Review by Gerry Fitzgerald

During the twentieth century, from the Turks’ massacre of Armenians in 1915 through the Serbians’ slaughter of Bosnian and Albanian Muslims during the 1990s, more than 100 million victims died in mass killings around the world. That was more than five times the nineteenth-century number and more than ten times that of the eighteenth.

In Becoming Evil: How Ordinary People Commit Genocide and Mass Killing, social psychologist James Waller cites two factors in accounting for genocide’s twentieth-century explosion: one has been exponential population growth and the other scarcity of resources. Helpfully, he also develops a theoretical framework for social scientists and others to begin explaining how everyday citizens become involved in mass killing, based on the work of many scholars since World War II. These studies considered such factors as xenophobia and the desire for social dominance; the willingness to obey authority even when causing others physical pain—such as in a military organization; how some groups can create a “culture of cruelty,” in which initially reluctant individuals ultimately commit heinous acts; and, finally, how a perpetrator learns to see his victim as a less-than-human “other,” so that, in some cases, the victim is even blamed for his or her death.

Waller was working on final revisions of the book on September 11, 2001, when about 2,830 defenseless victims died in the terrorist attacks now attributed to Osama bin Laden. “This is an example of terrorism ‘from below,’ that is, violence motivated by grievances against, or ideologies opposed to, an existing state. Generally, however, it is terrorism ‘from above’—state-directed terrorism imposed on its own citizens that is the larger contributor to human suffering.”
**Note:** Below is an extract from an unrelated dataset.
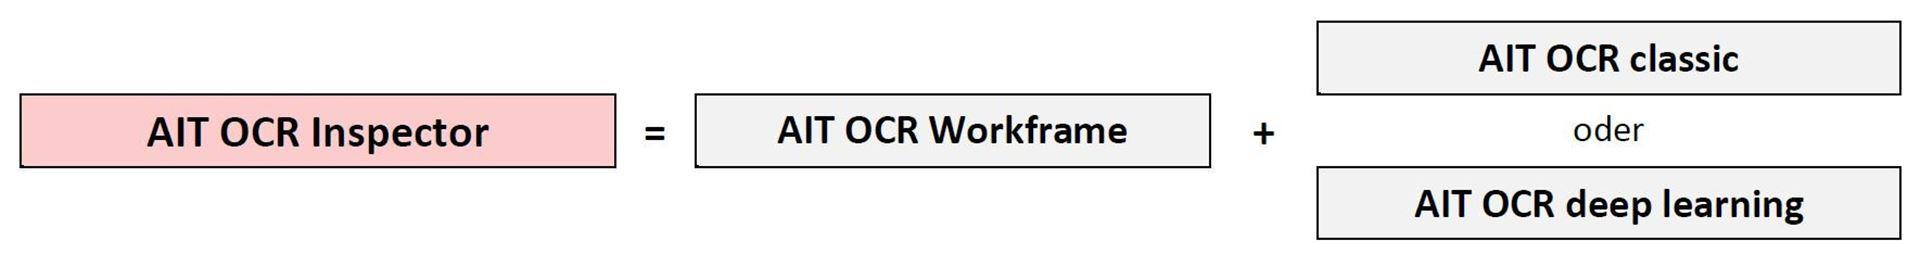 AIT OCR Inspector = AIT OCR Workframe + AIT OCR classic oder AIT OCR deep learning
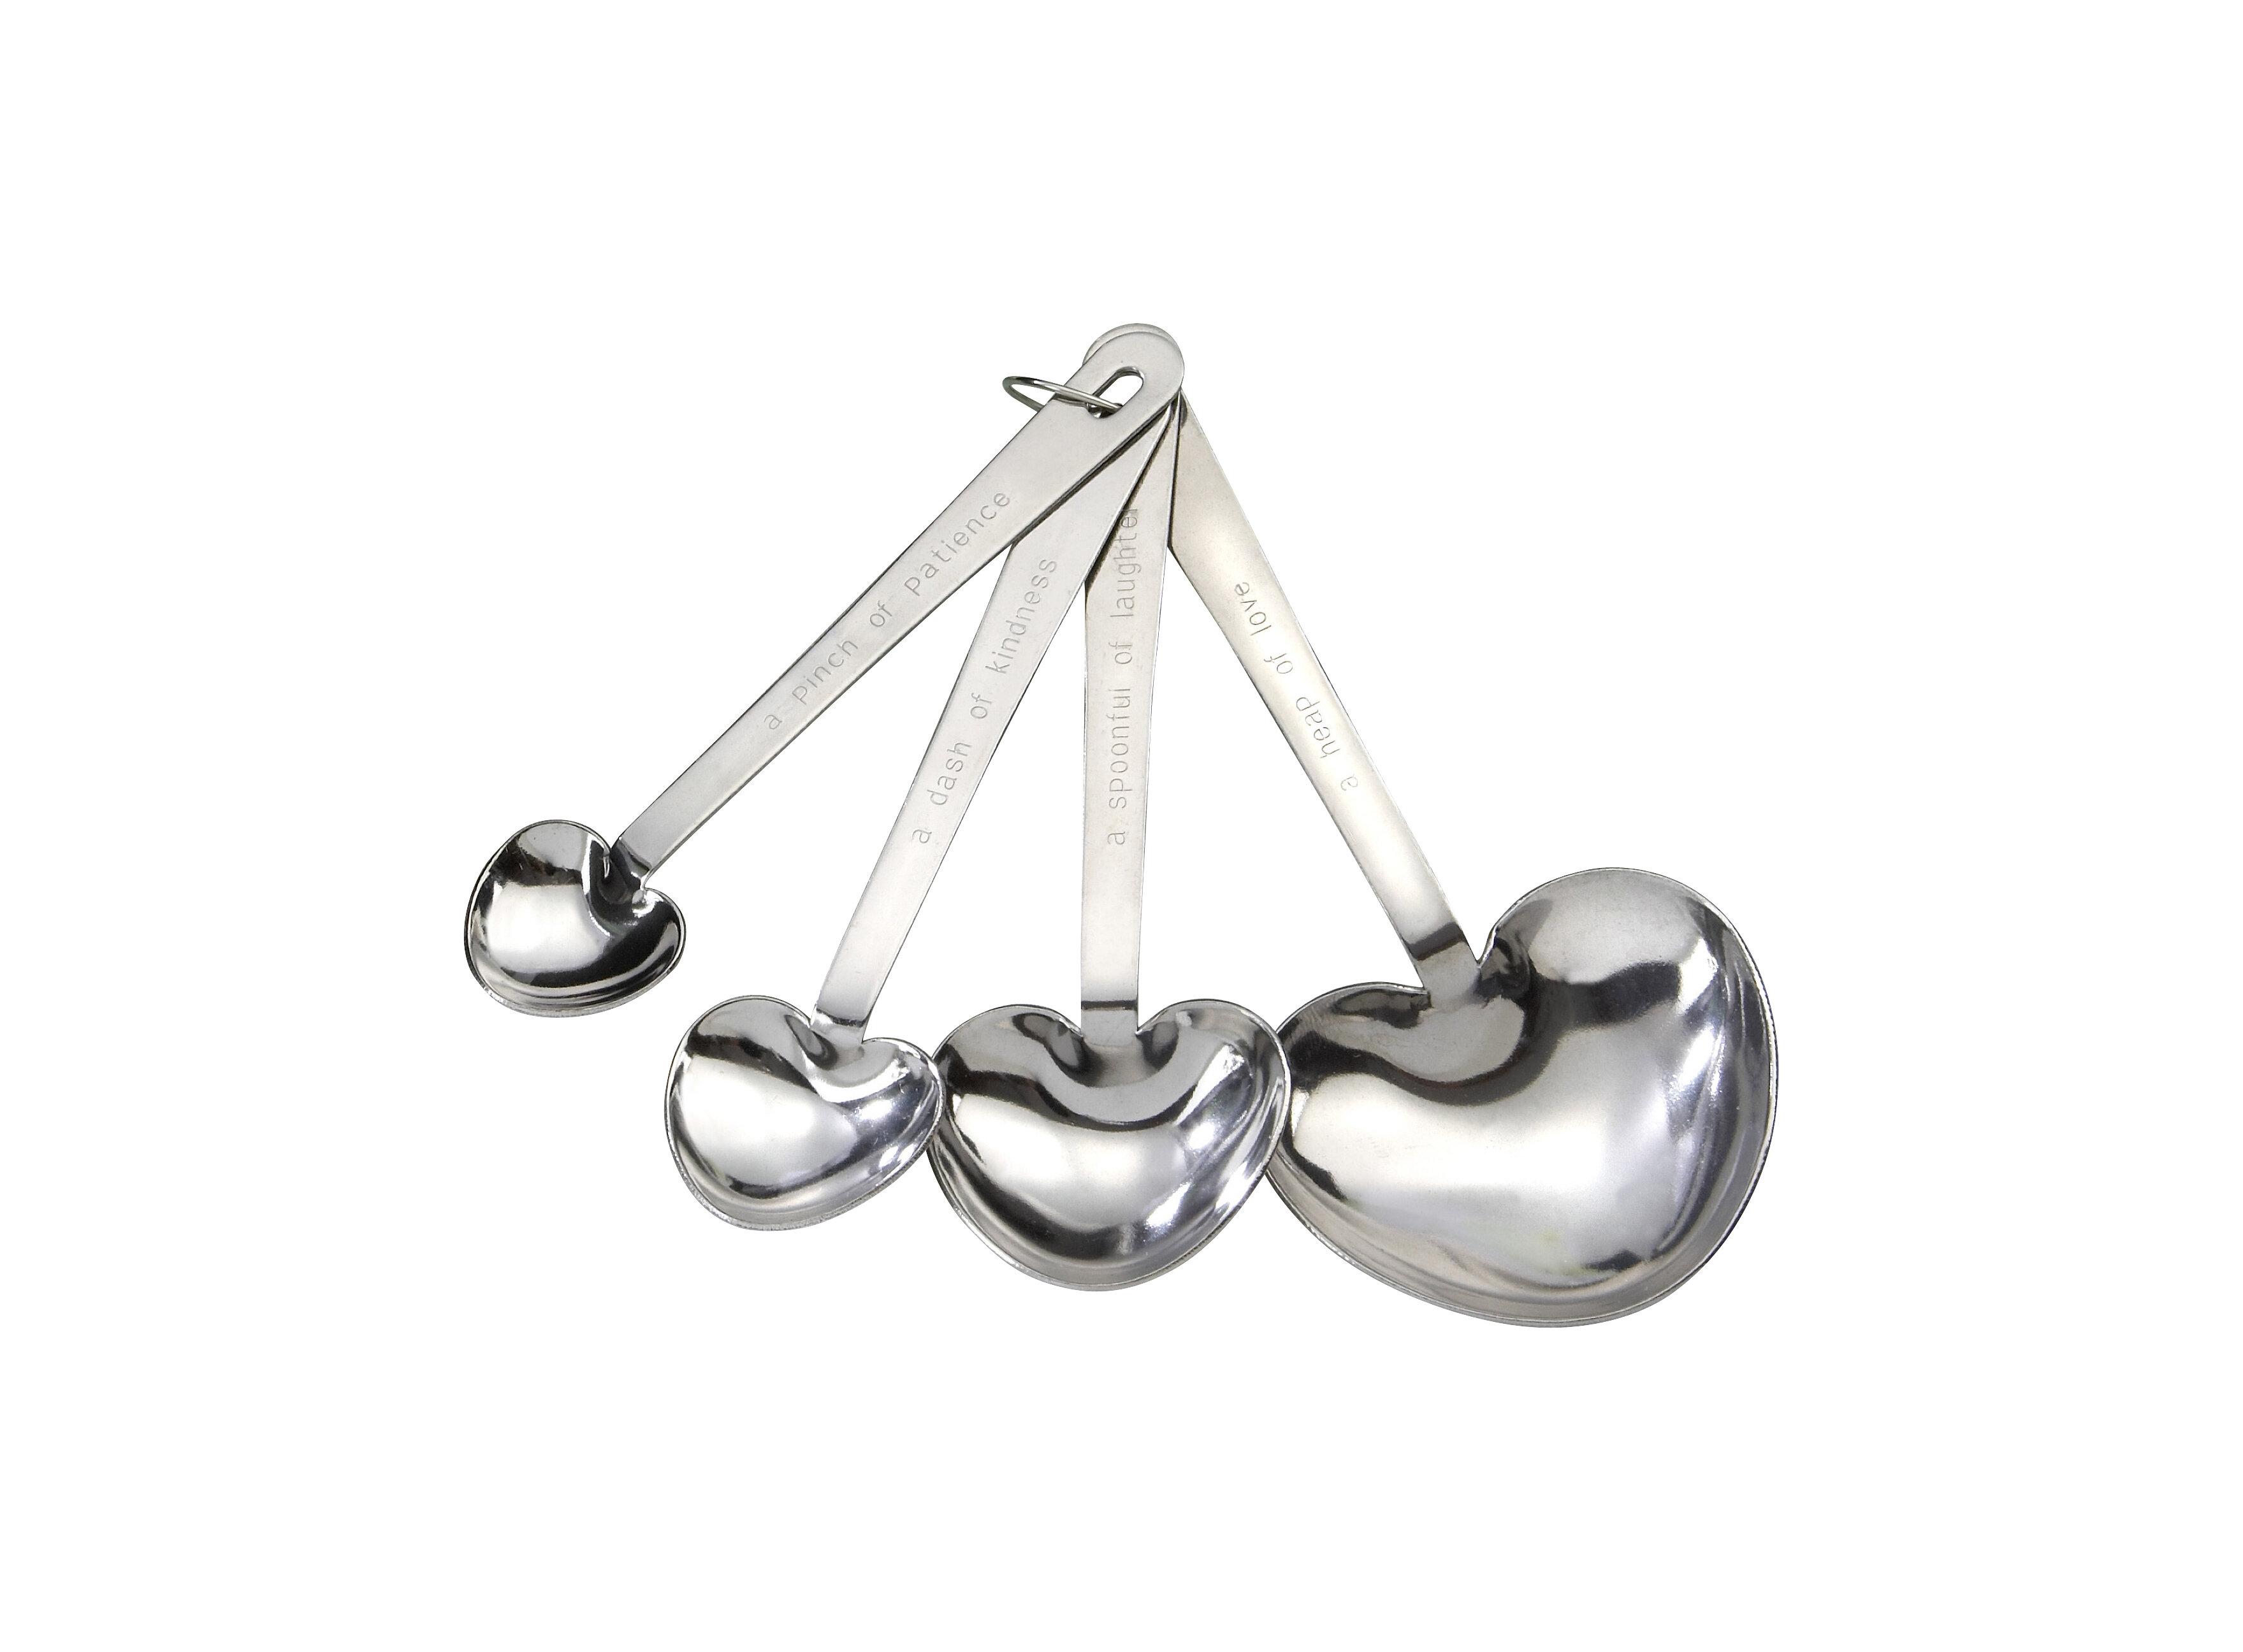 Kate Aspen \'\'Love Beyond Measure\'\' 4-Piece Stainless Steel Measuring ...

Waller writes that the greatest catastrophes occur when the distinctions between war and crime fade; when there is “a dissolution of the boundaries between military and criminal conduct, between civility and barbarity; and when political, social or religious groups embrace collective violence against a defenseless victim group as warfare or, perhaps worse yet, as ‘progress.’ Such acts are human evil writ large.”